Por que a eliminação do Brasil dói tanto?
Durante o torneio, as pessoas costumam estar mais próximas por conta do futebol. Os grupos de amigos se reúnem para comentar as escalações, assistir juntos aos jogos, conversar sobre futuros adversários e muitos outros momentos que fortalecem a convivência.
“Na minha visão, o pertencimento pesa até mais do que o futebol. A Copa cria uma sensação de conexão que está cada vez mais rara nos dias de hoje, tão digital. Pessoas que normalmente nem conversam sobre esporte passam a conversar. Colegas se encontram para assistir aos jogos. Famílias se reúnem. O país inteiro parece estar vivendo uma mesma história. É se encontrar para assistir junto, comemorar. O futebol acaba sendo o ponto de encontro, mas o que realmente mexe com a gente é essa experiência coletiva”, explica Chrystina.

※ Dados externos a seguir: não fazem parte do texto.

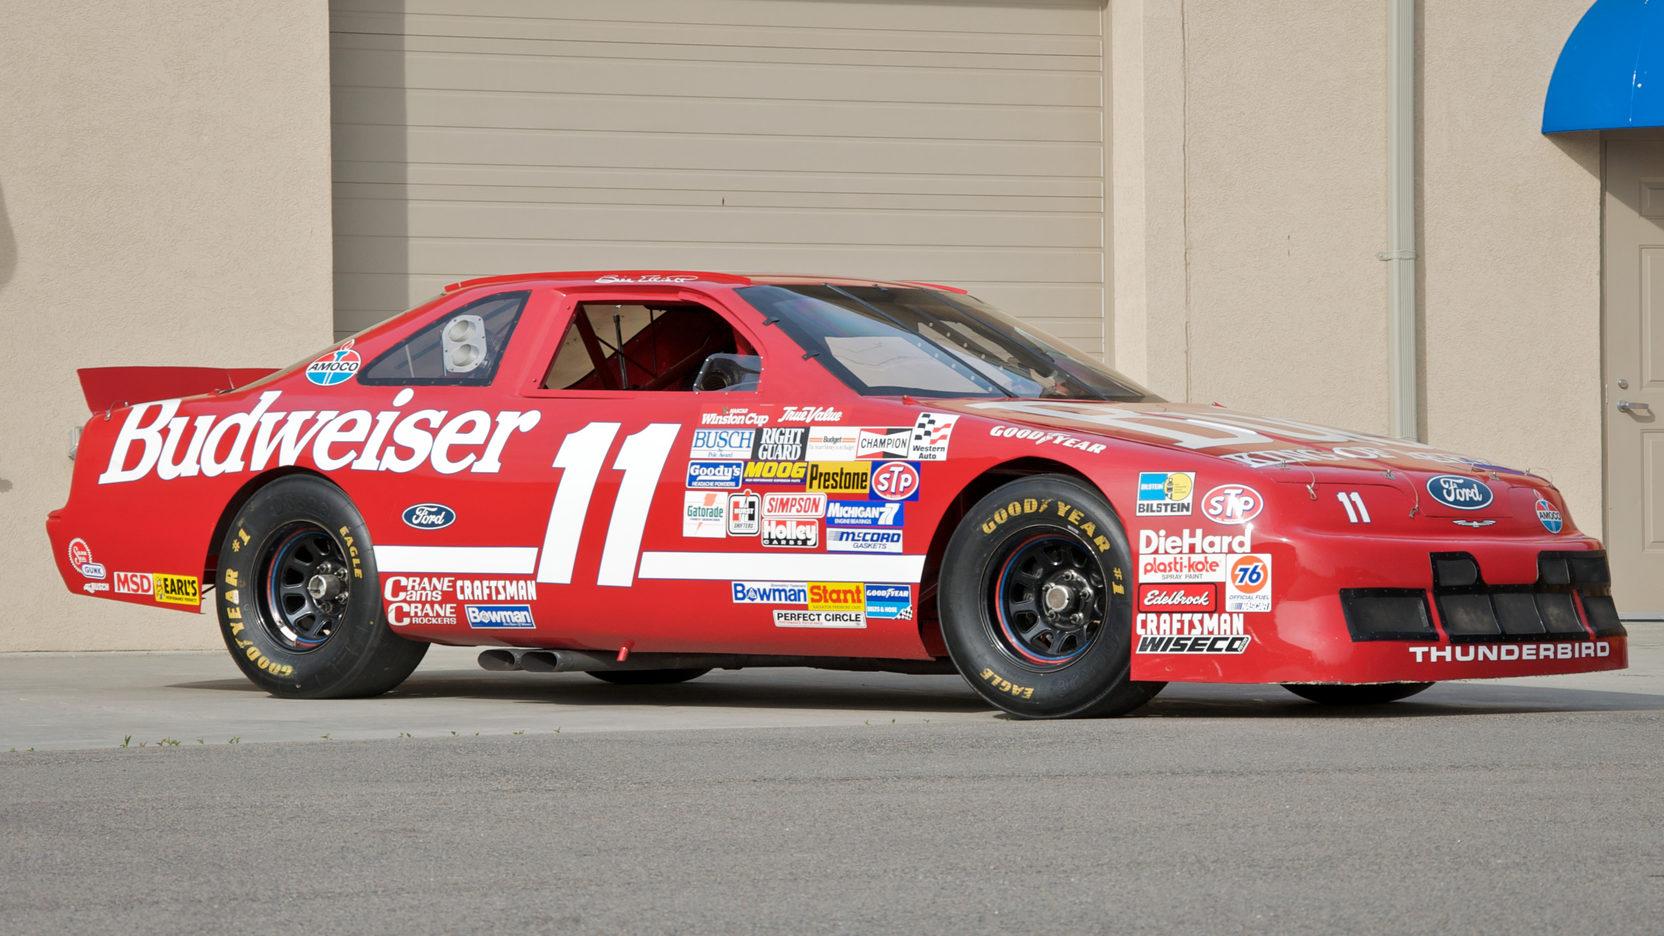 1992 Ford Thunderbird NASCAR 3/4 front

O sentimento de vazio após a eliminação normalmente é associado a essa mudança brusca na rotina. “É esperar pelo próximo jogo, comentar a escalação, combinar onde assistir, imaginar o que pode acontecer. Quando isso acaba de uma hora para outra, é natural que algumas pessoas sintam um vazio. É parecido com o fim de uma viagem muito esperada, de um grande projeto ou até das férias. Não é só o evento que termina. É uma rotina que dava significado para aqueles dias”, disse.
Ganhar e perder
A decepção com a eliminação é parte da experiência de torcer. A especialista lembra que perder é uma possibilidade em qualquer competição e que um resultado esportivo não precisa definir a forma como cada pessoa se sente.
“Ganhar é maravilhoso, mas perder também faz parte de quem escolhe competir. A felicidade funciona muito assim. Ela não depende de vencer sempre. Ela depende muito mais da forma como a gente vive a caminhada”, finaliza.